━━━━━ Data below

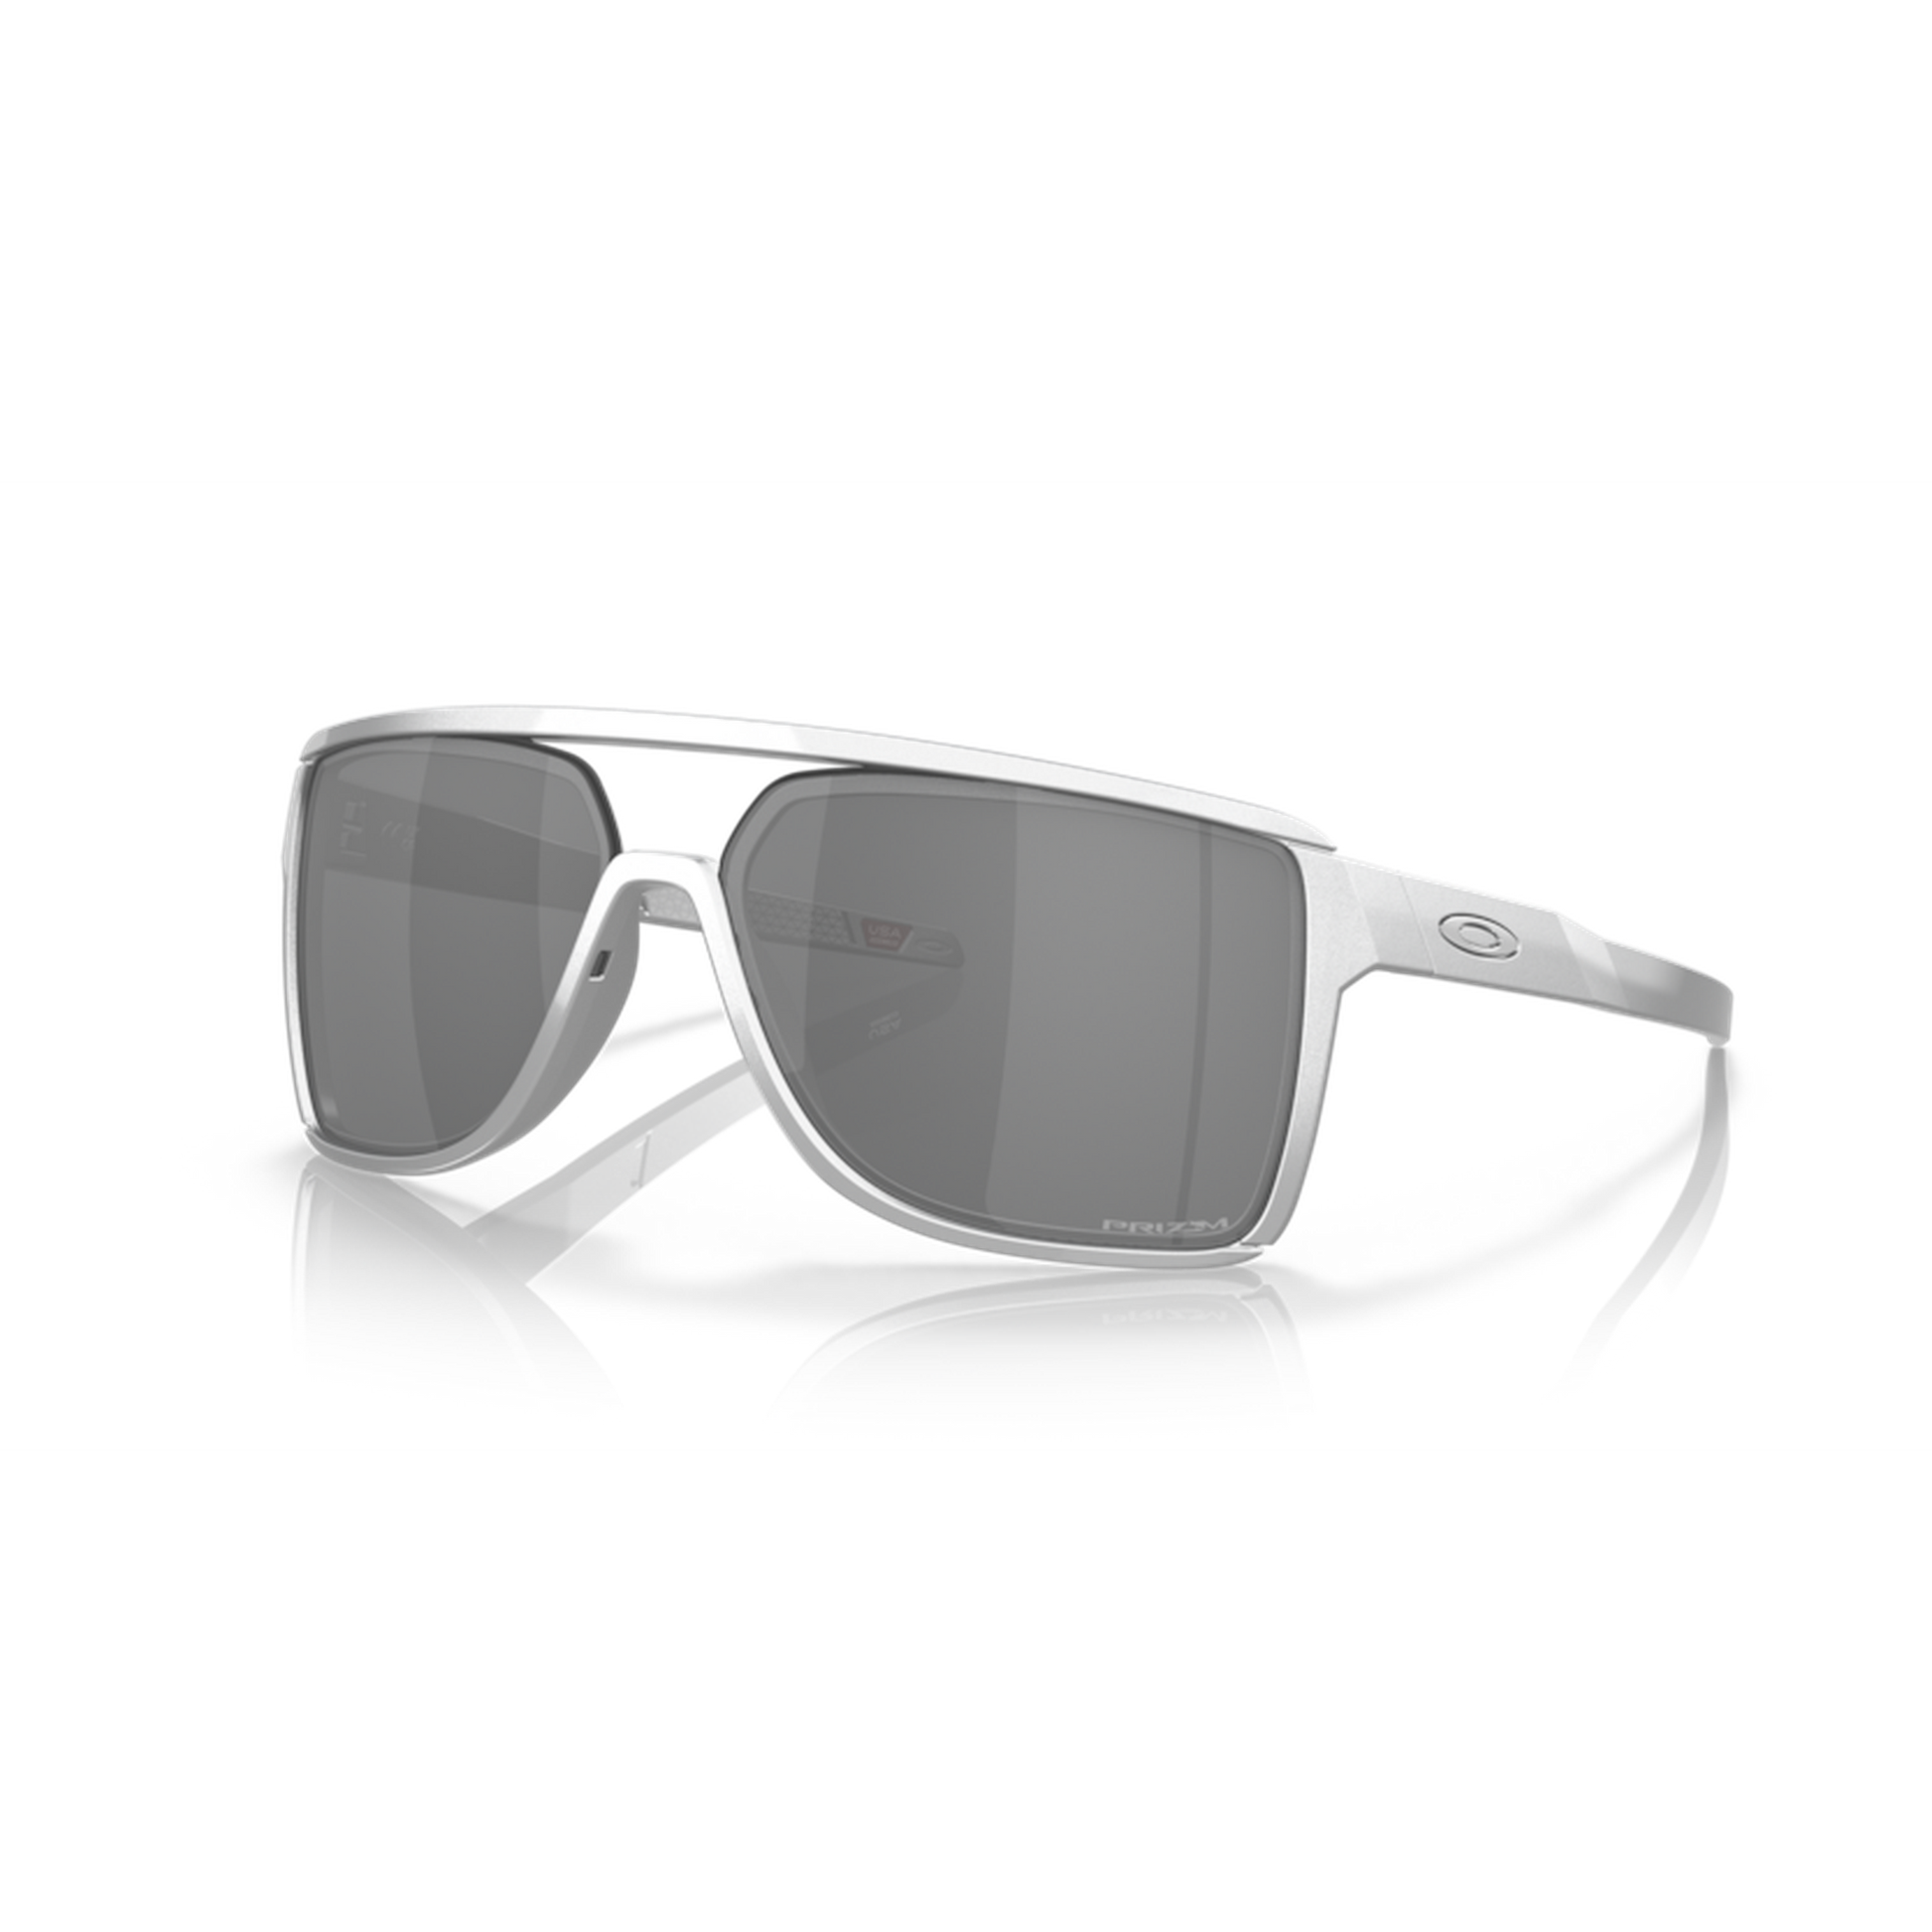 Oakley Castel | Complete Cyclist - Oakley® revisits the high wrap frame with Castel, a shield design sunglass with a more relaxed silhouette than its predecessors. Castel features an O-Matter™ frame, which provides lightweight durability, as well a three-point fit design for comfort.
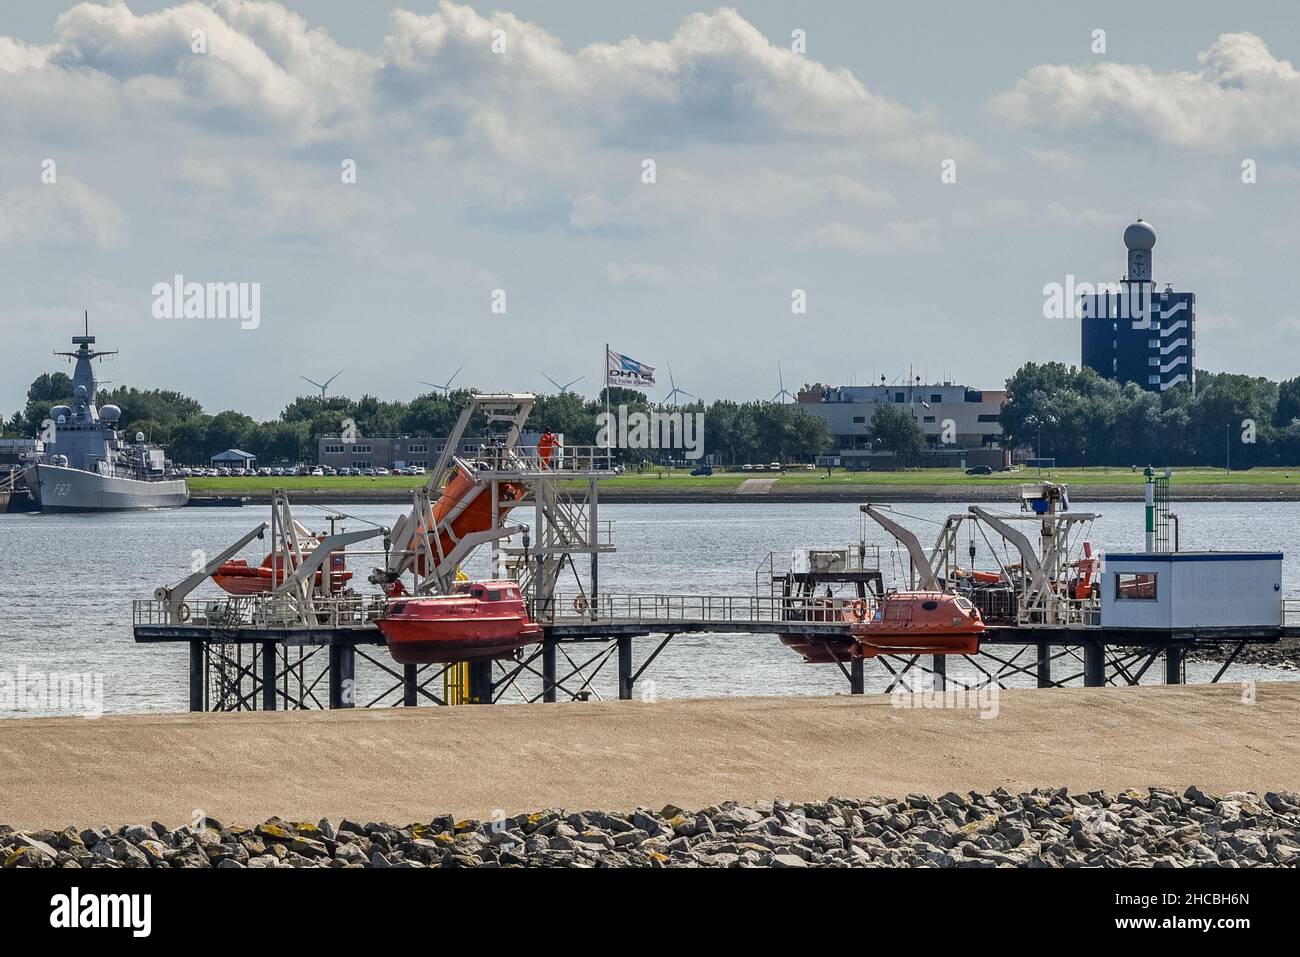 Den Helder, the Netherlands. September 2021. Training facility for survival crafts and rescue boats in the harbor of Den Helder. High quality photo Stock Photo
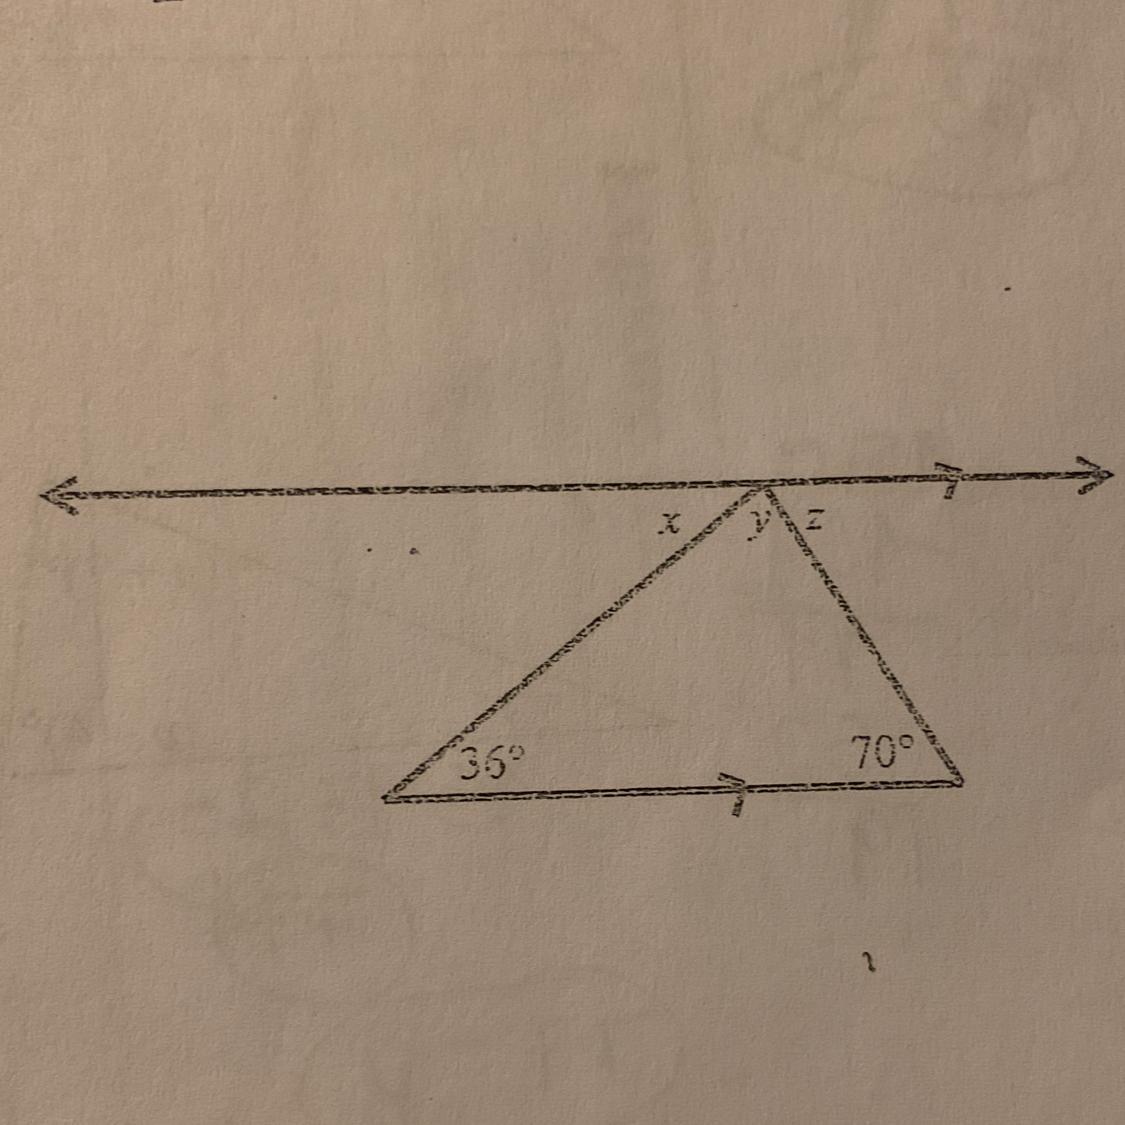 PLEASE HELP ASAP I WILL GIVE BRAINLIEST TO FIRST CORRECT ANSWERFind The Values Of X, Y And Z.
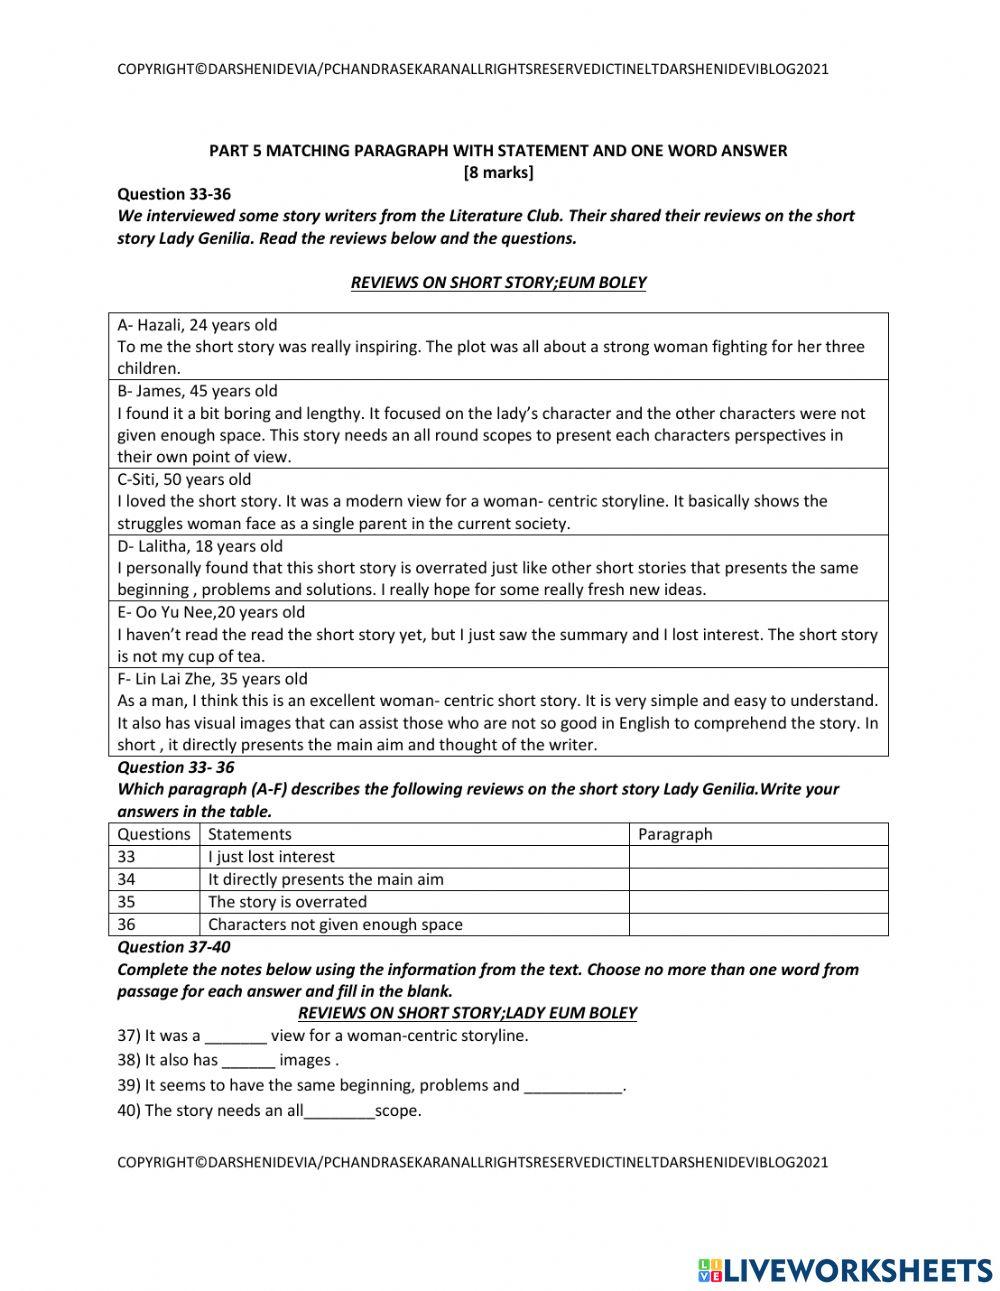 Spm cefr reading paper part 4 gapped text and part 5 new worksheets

━━━━━━━━━━

Exercise goal — Any picture in the data is to be skipped, while each line is returned exactly as written.

Task response —
 Oakley Castel | Complete Cyclist - Oakley® revisits the high wrap frame with Castel, a shield design sunglass with a more relaxed silhouette than its predecessors. Castel features an O-Matter™ frame, which provides lightweight durability, as well a three-point fit design for comfort.
 Den Helder, the Netherlands. September 2021. Training facility for survival crafts and rescue boats in the harbor of Den Helder. High quality photo Stock Photo
 PLEASE HELP ASAP I WILL GIVE BRAINLIEST TO FIRST CORRECT ANSWERFind The Values Of X, Y And Z.
 Spm cefr reading paper part 4 gapped text and part 5 new worksheets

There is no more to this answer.